Heterogeneous‐Nucleation and Epitaxial‐Growth of Perovskite Enabled by Delafossite‐Type Hole Transport Materials for High‐Performance Solar Cells

Abstract The quality of perovskite films deposited on inorganic hole transport materials (HTMs) have long restricted the performance of corresponding devices. Herein, a novel delafossite‐type HTM, CuCoO 2 , with excellent optoelectronic properties is successfully synthesized by precisely tunning Co 3+ /Co 2+ ratios, achieving a hole concentration three orders of magnitude higher than that of other delafossite‐type materials. The reduced Gibbs‐free energy and a nearly perfect lattice matching between the octuple distance of the (110) plane in CuCoO 2 and triple spacing of the (100) plane in formamidinium‐based perovskites promote the heterogeneous‐nucleation and epitaxial‐growth of perovskite films, resulting in a semi‐coherent interface.

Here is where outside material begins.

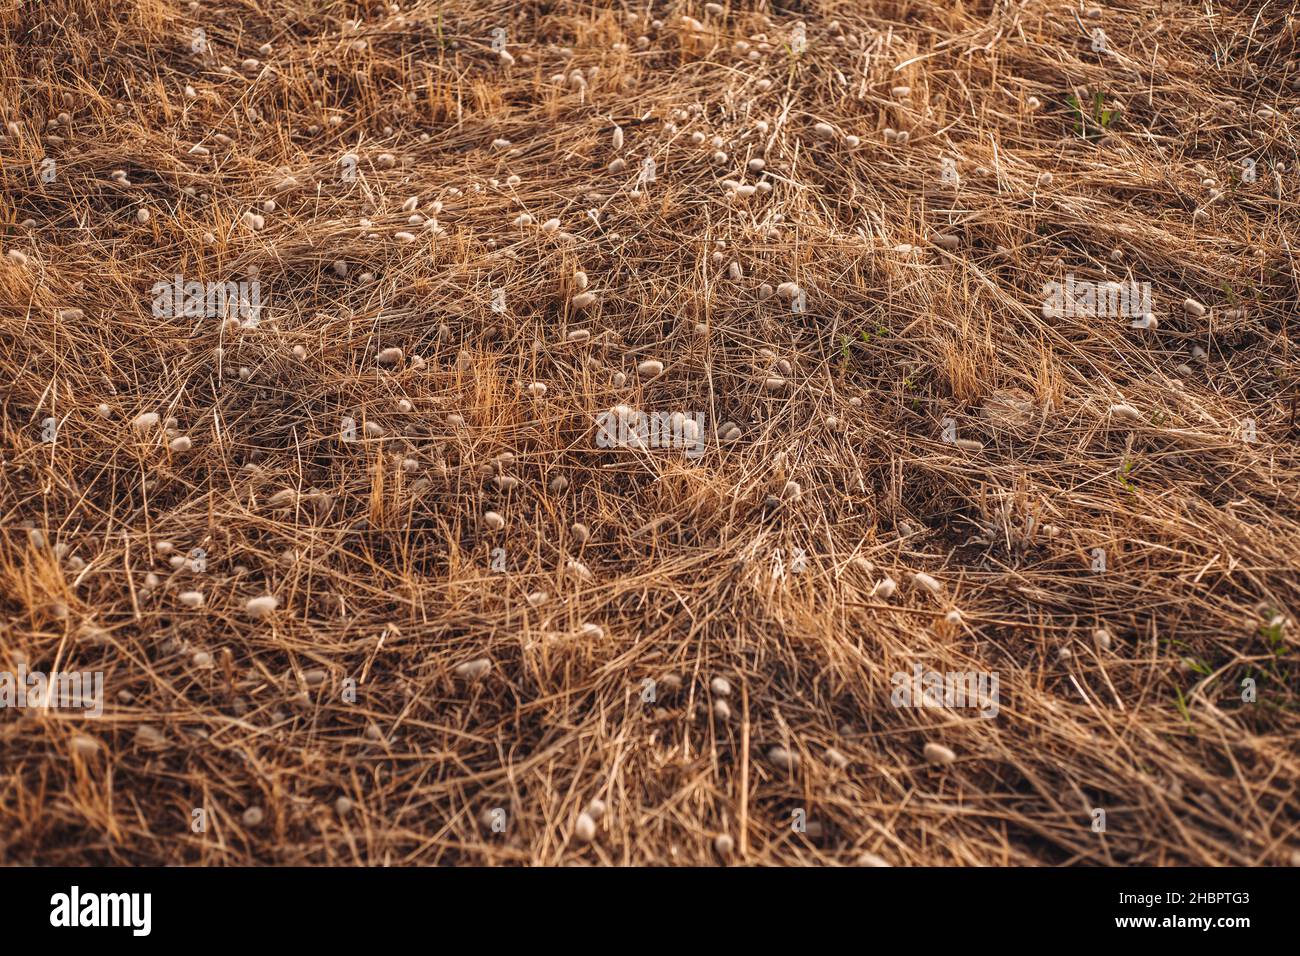 Dried plants covering the countryside in Gagliano del Capo, Puglia region, Italy Stock Photo
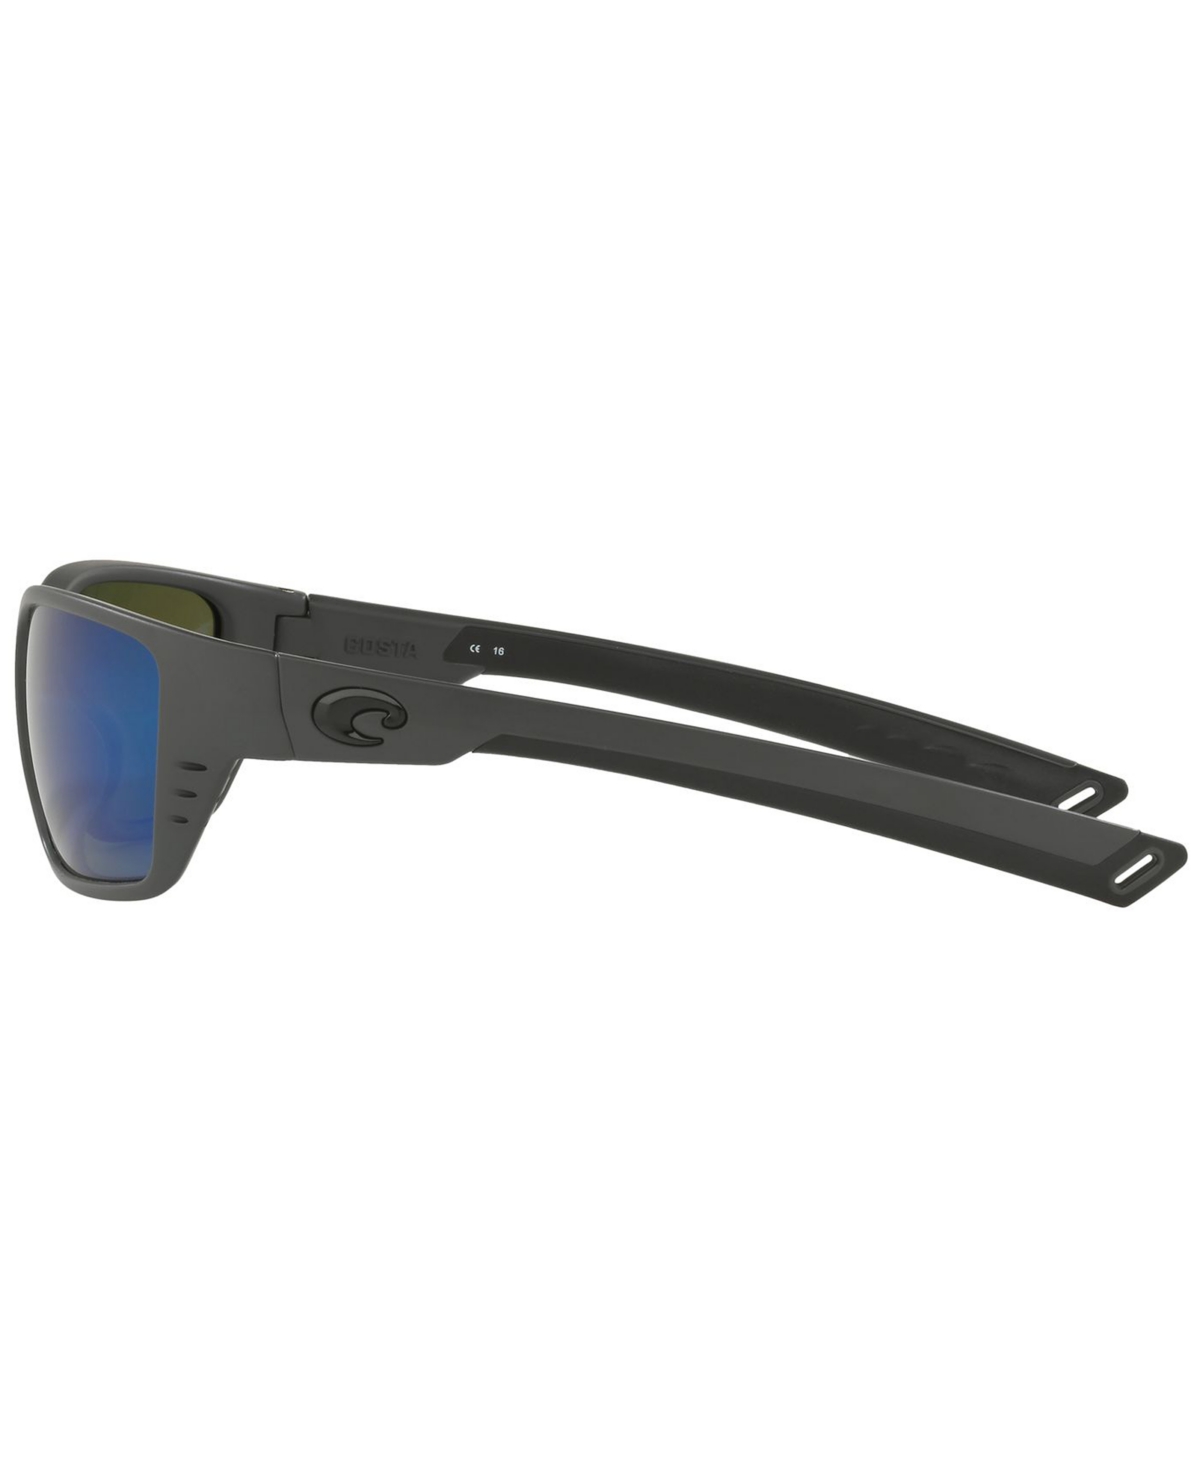 Shop Costa Del Mar Polarized Sunglasses, Whitetip 58 In Grey Matte,blue Mirror Polar

Consequently, high‐quality perovskite films are obtained with ordered orientation, reduced defect density, and released residual strain. The champion CuCoO 2 ‐based devices deliver high power conversion efficiencies (PCEs) of 26.70% (0.09 cm 2 ) and 25.07% (1 cm 2 ). The unencapsulated devices maintain 96.7%, 90.8% and 94.1% of their initial PCEs after long‐term storage, continuous thermal‐aging, and light‐soaking, respectively.